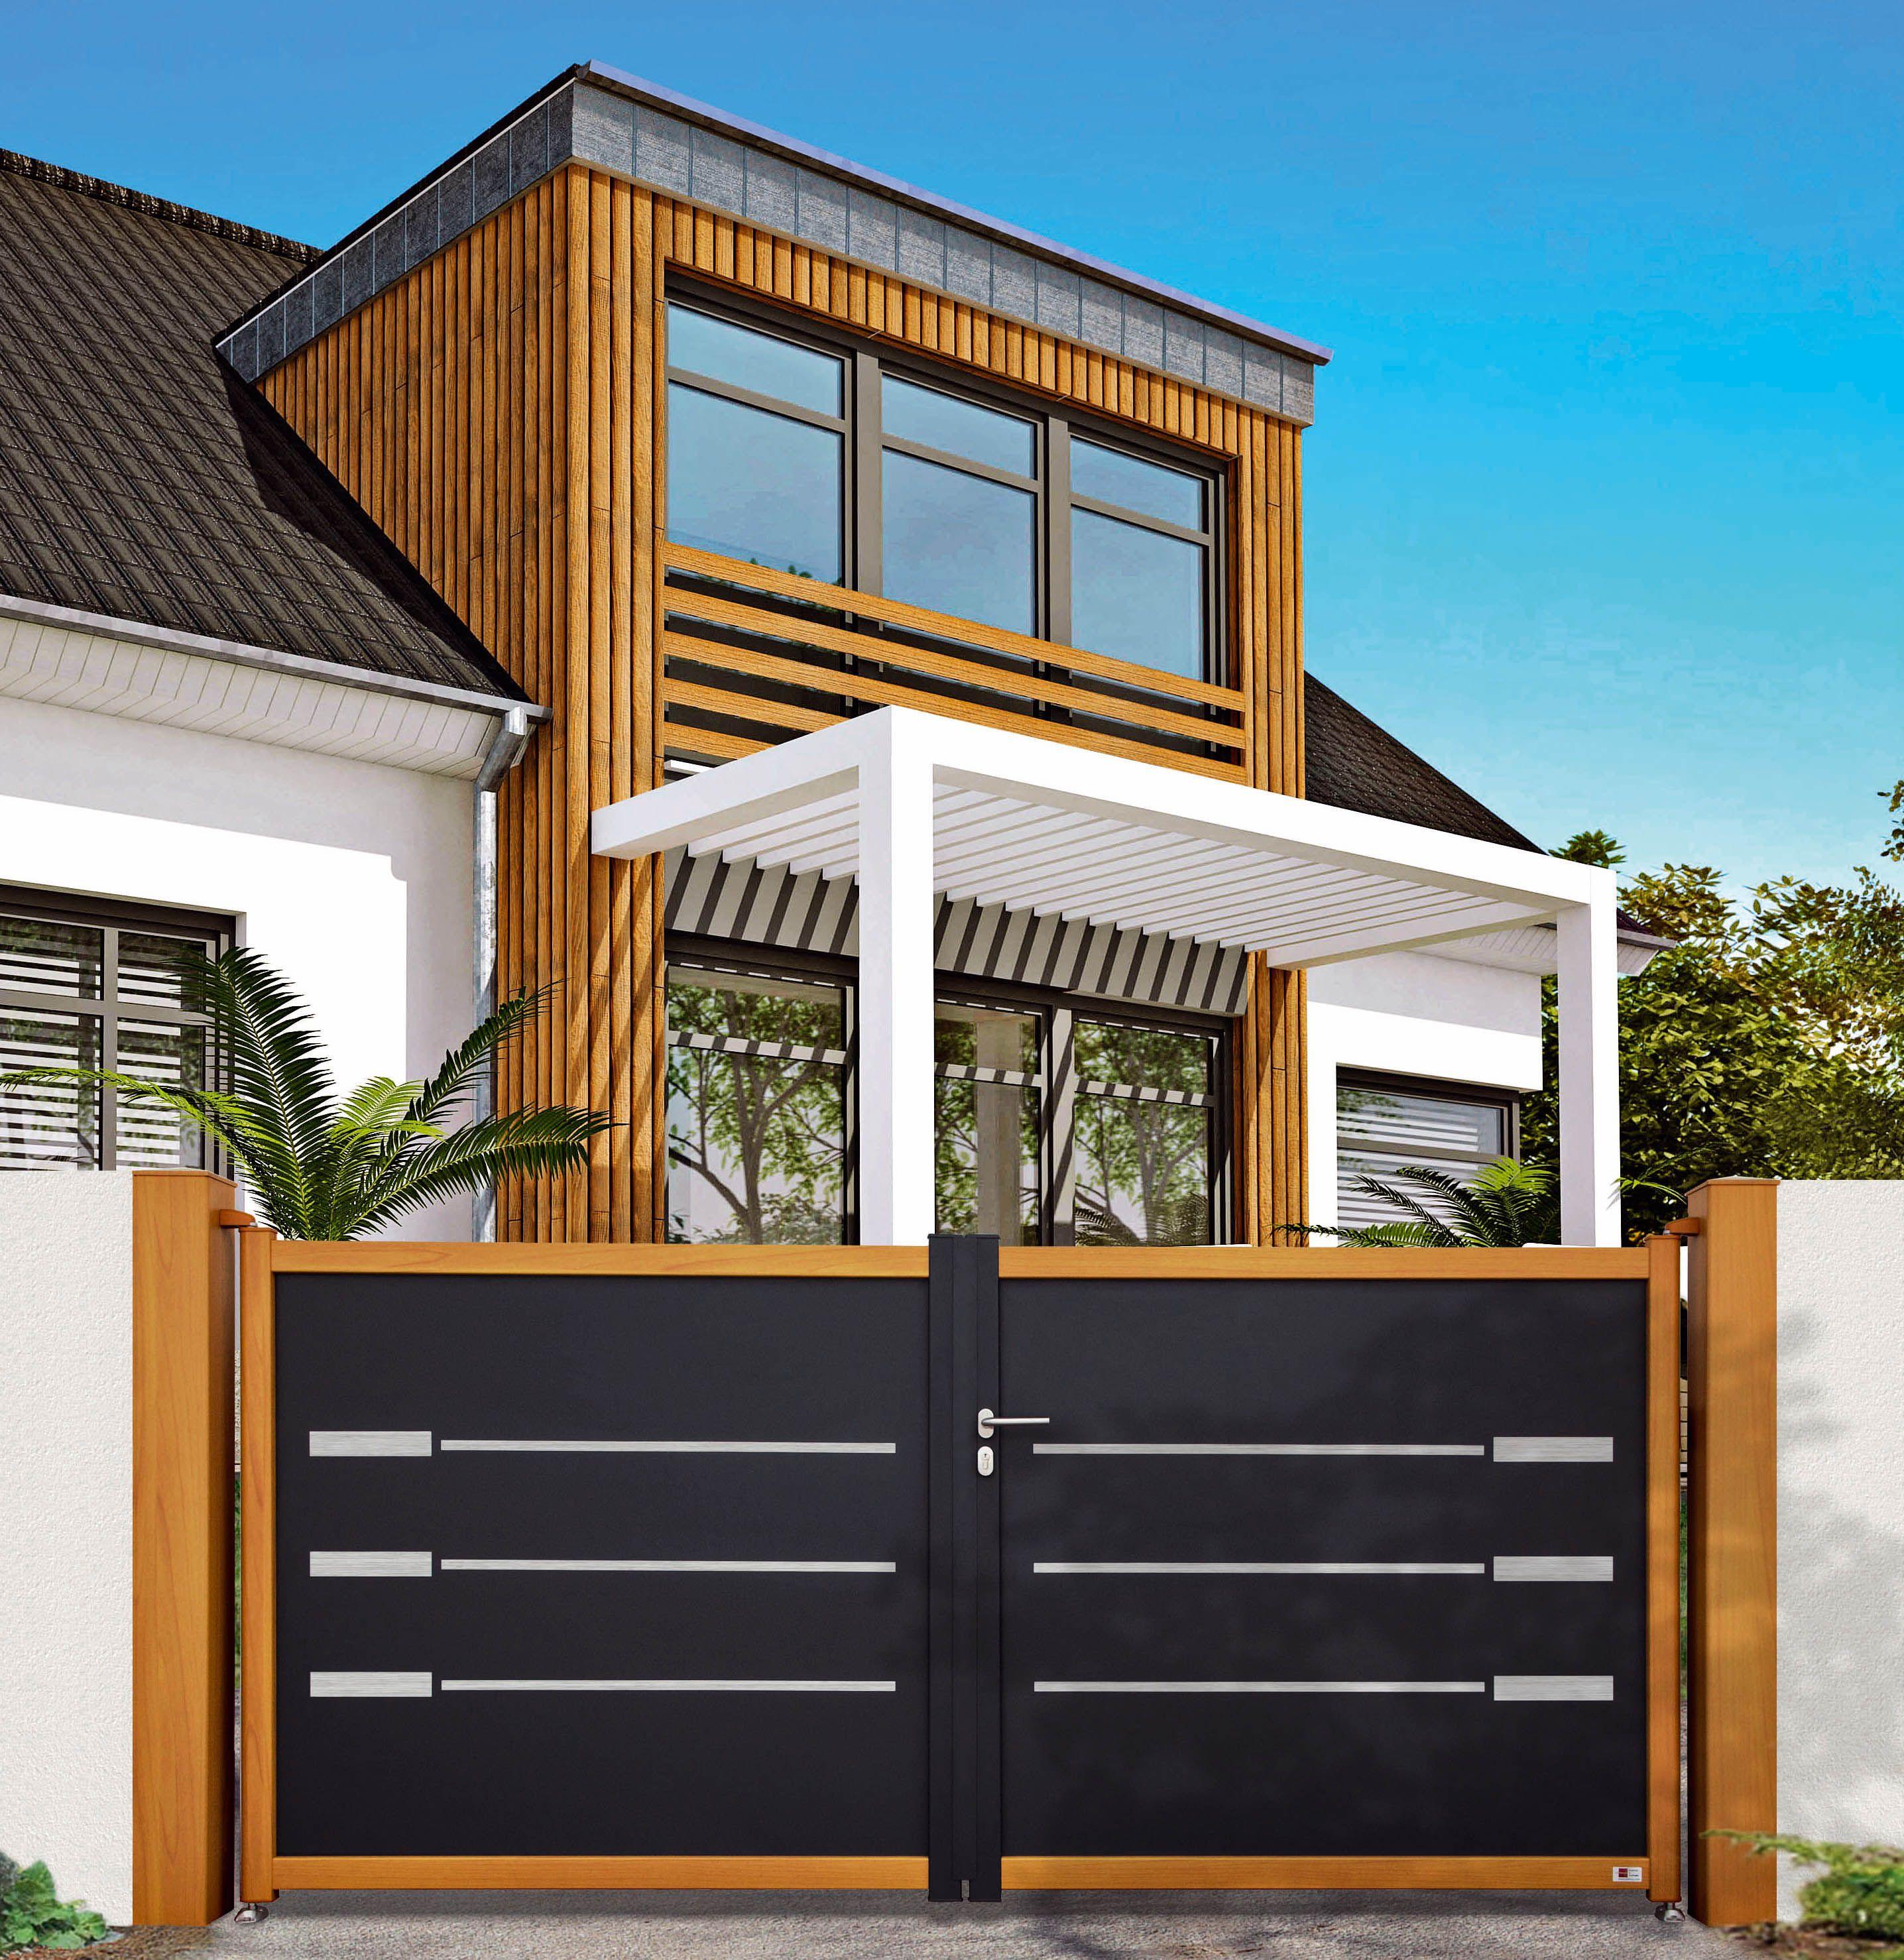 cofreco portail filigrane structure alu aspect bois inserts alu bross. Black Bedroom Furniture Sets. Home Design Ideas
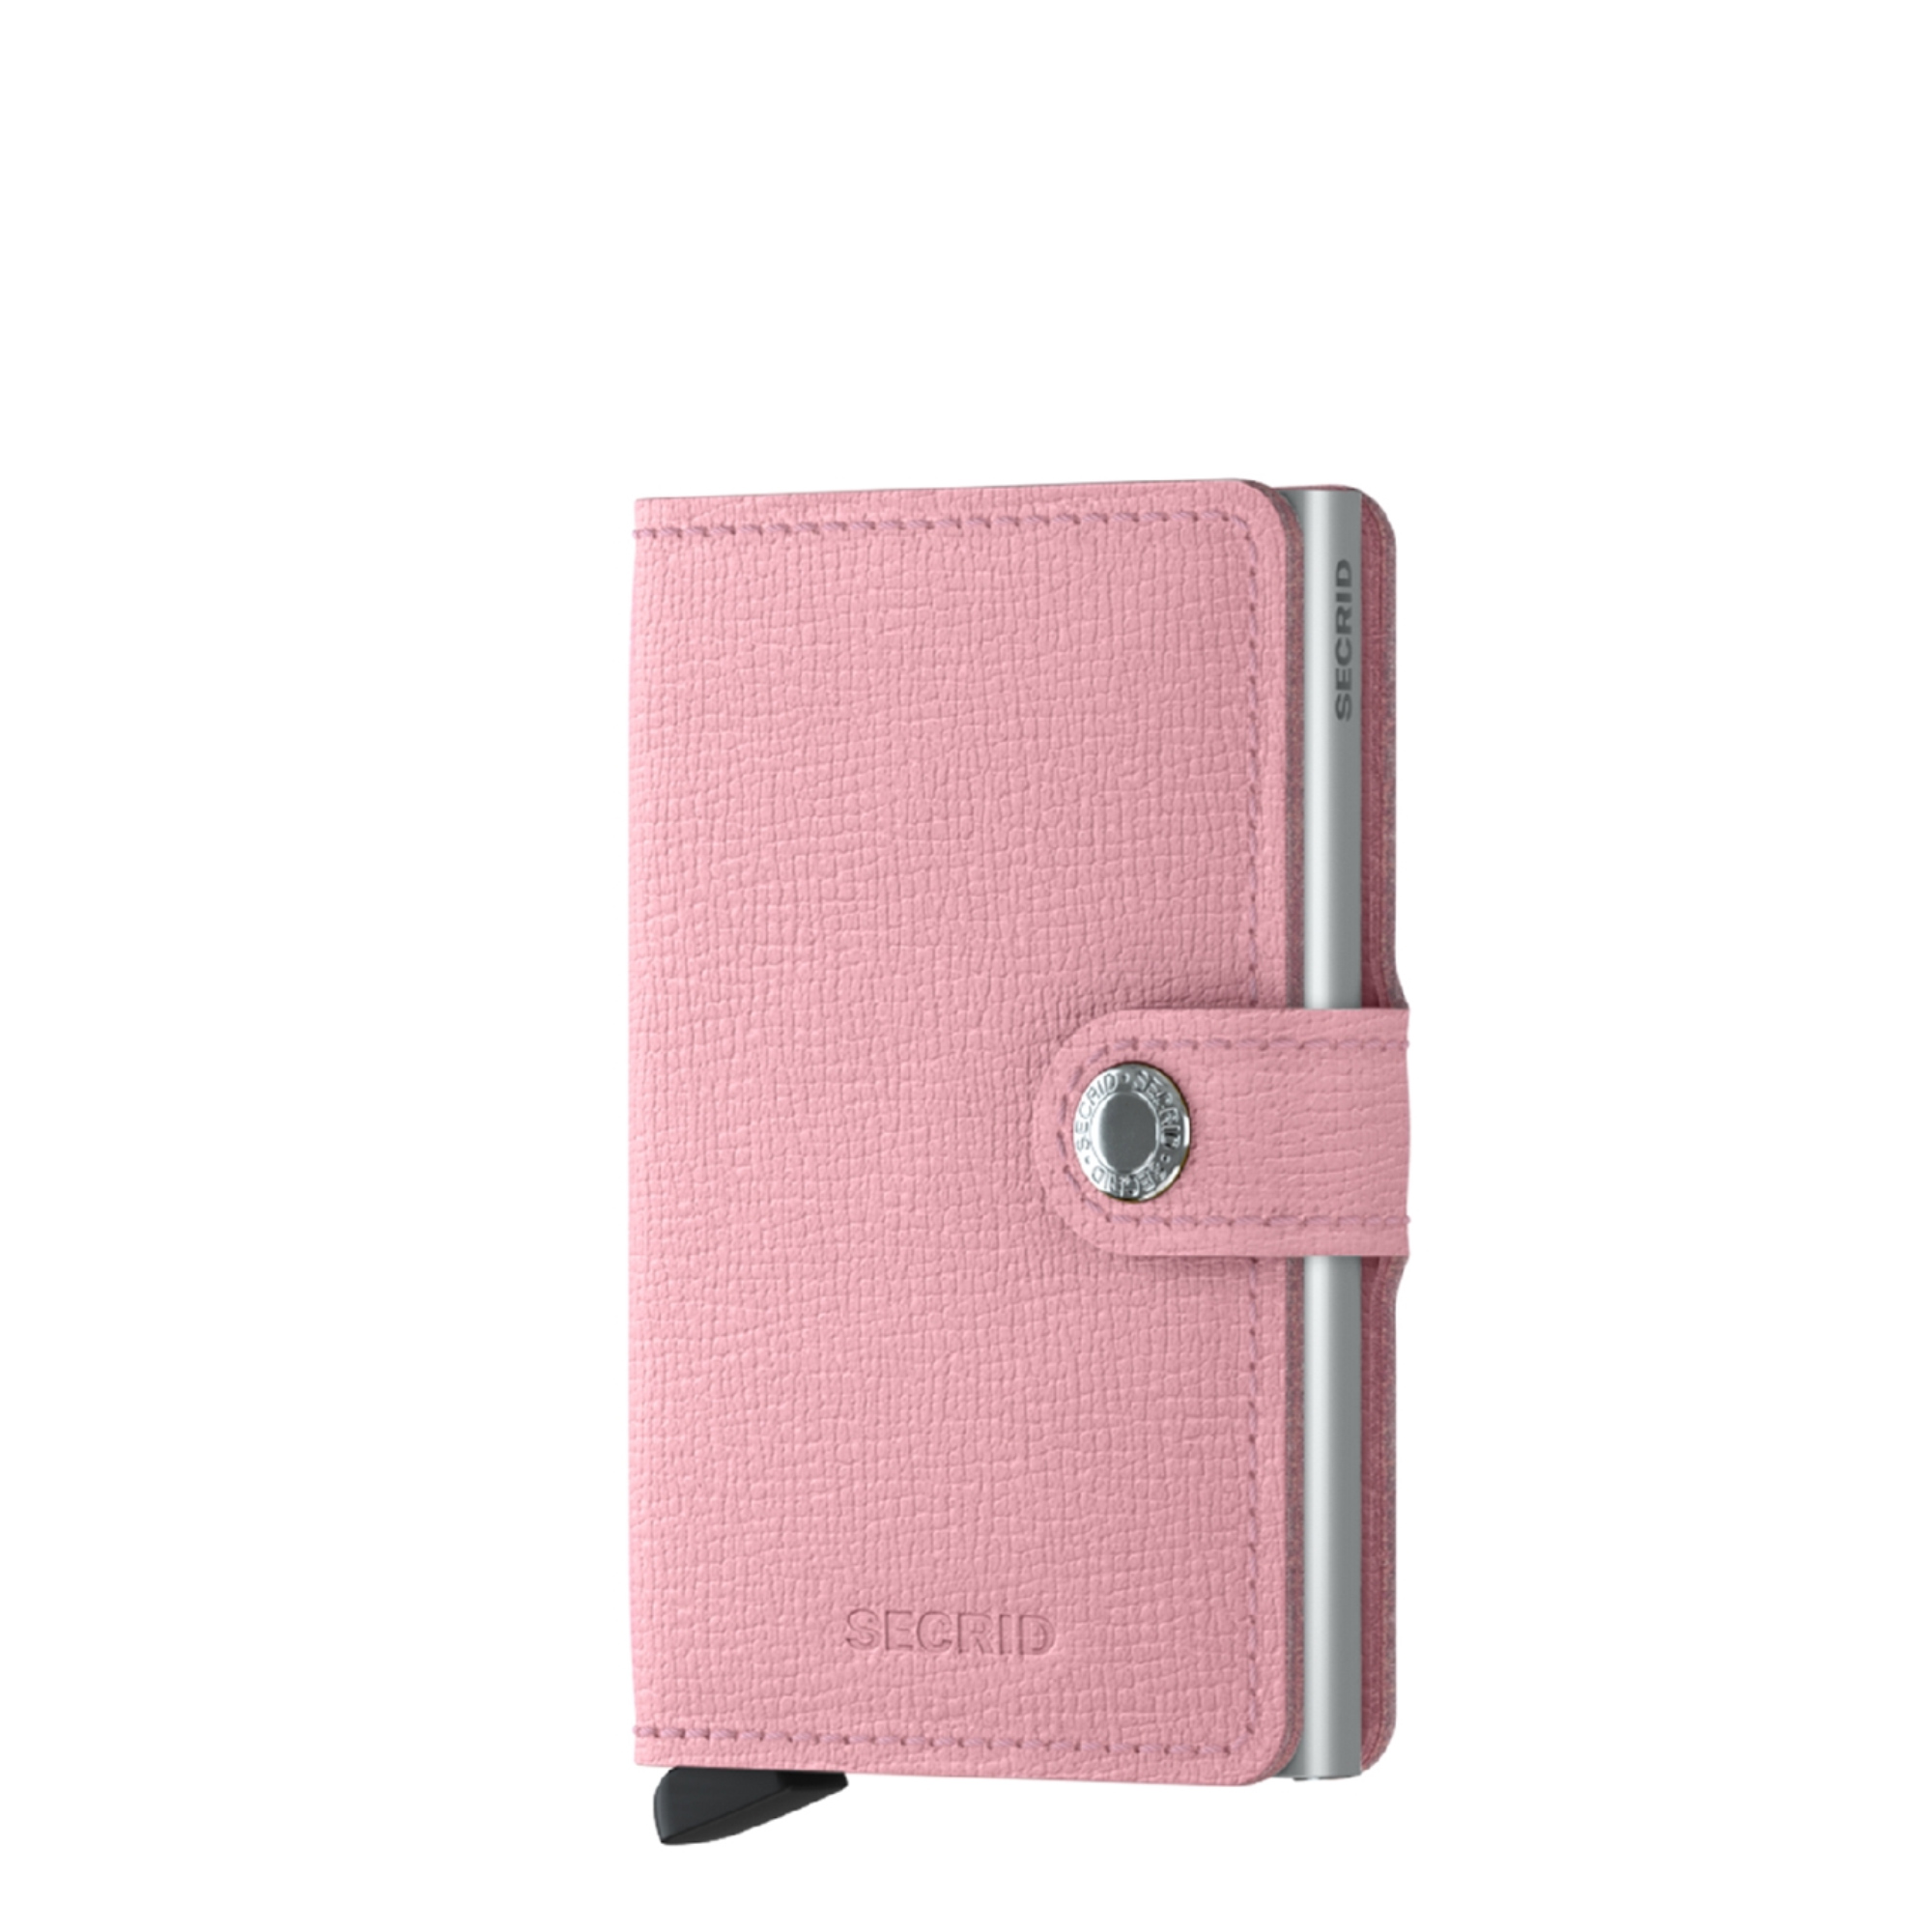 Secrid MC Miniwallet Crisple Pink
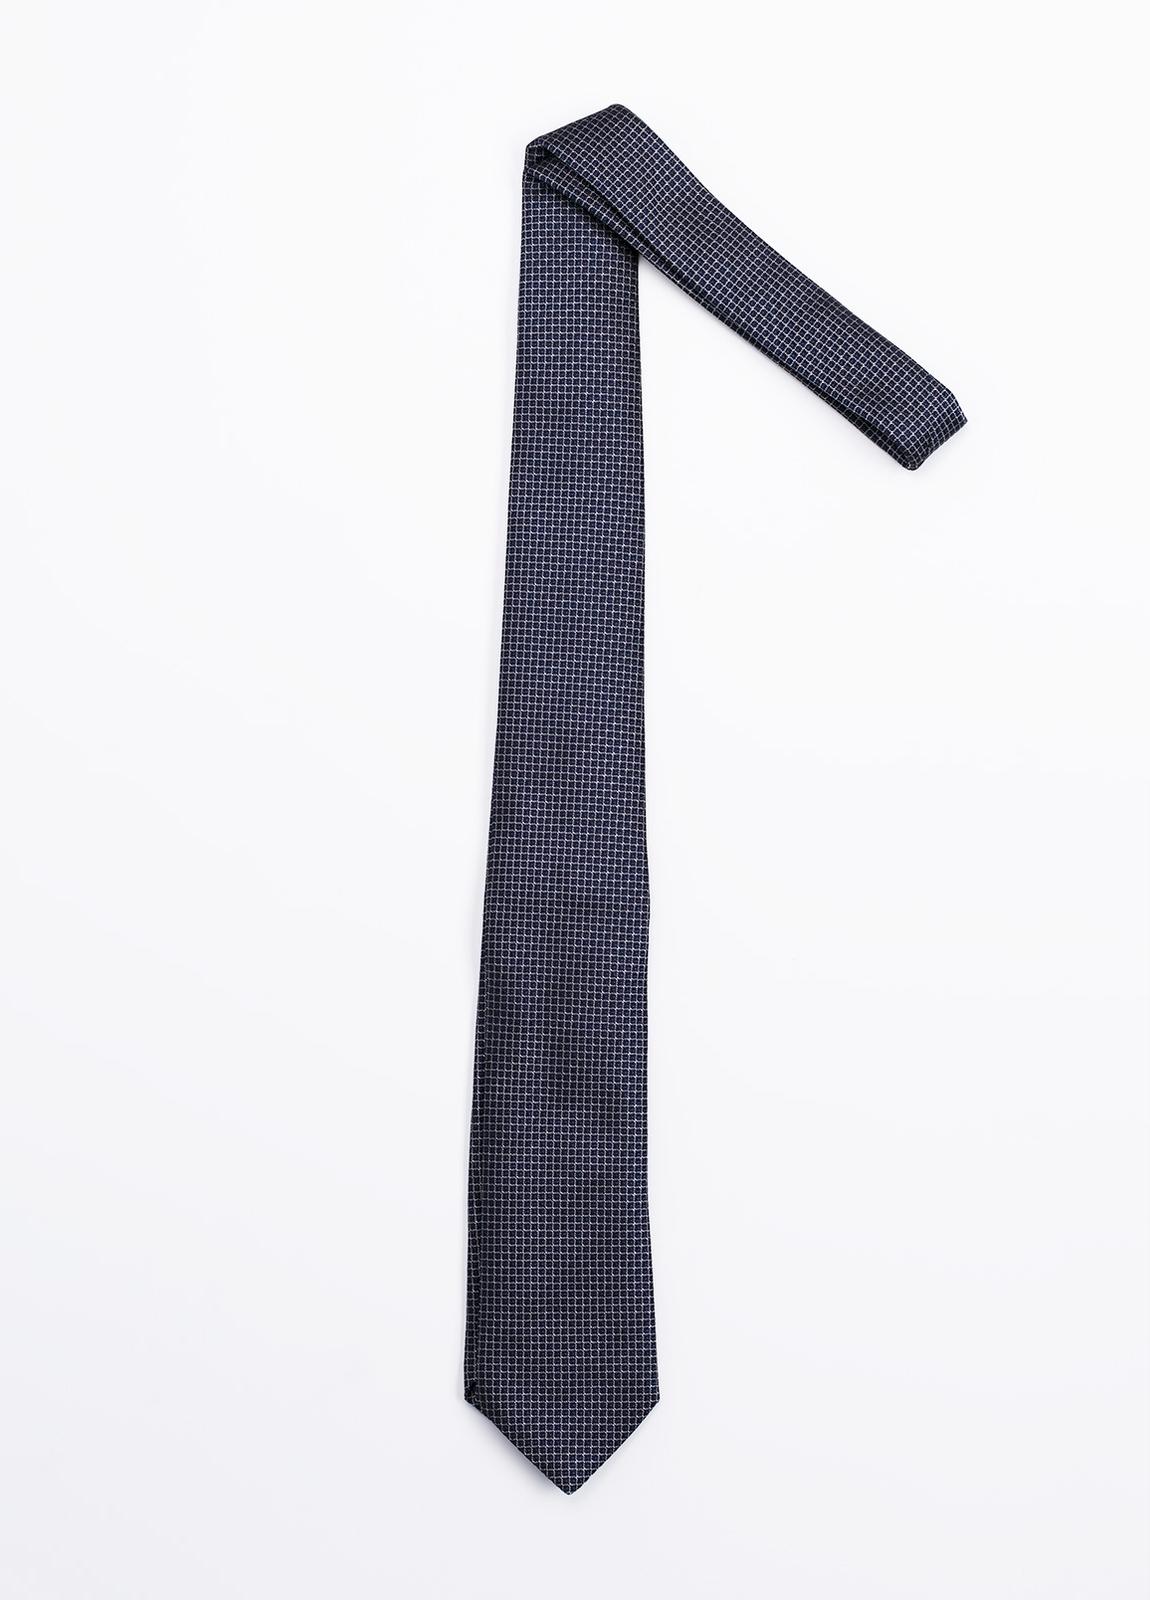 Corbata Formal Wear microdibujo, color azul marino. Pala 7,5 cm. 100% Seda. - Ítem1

◆ ◆ ◆ ◆

*The problem*.
Everything in the listing is to be returned word for word, except the pictures.

*Solution*.
 cofreco portail filigrane structure alu aspect bois inserts alu bross. Black Bedroom Furniture Sets. Home Design Ideas
 Secrid MC Miniwallet Crisple Pink
 Corbata Formal Wear microdibujo, color azul marino. Pala 7,5 cm. 100% Seda. - Ítem1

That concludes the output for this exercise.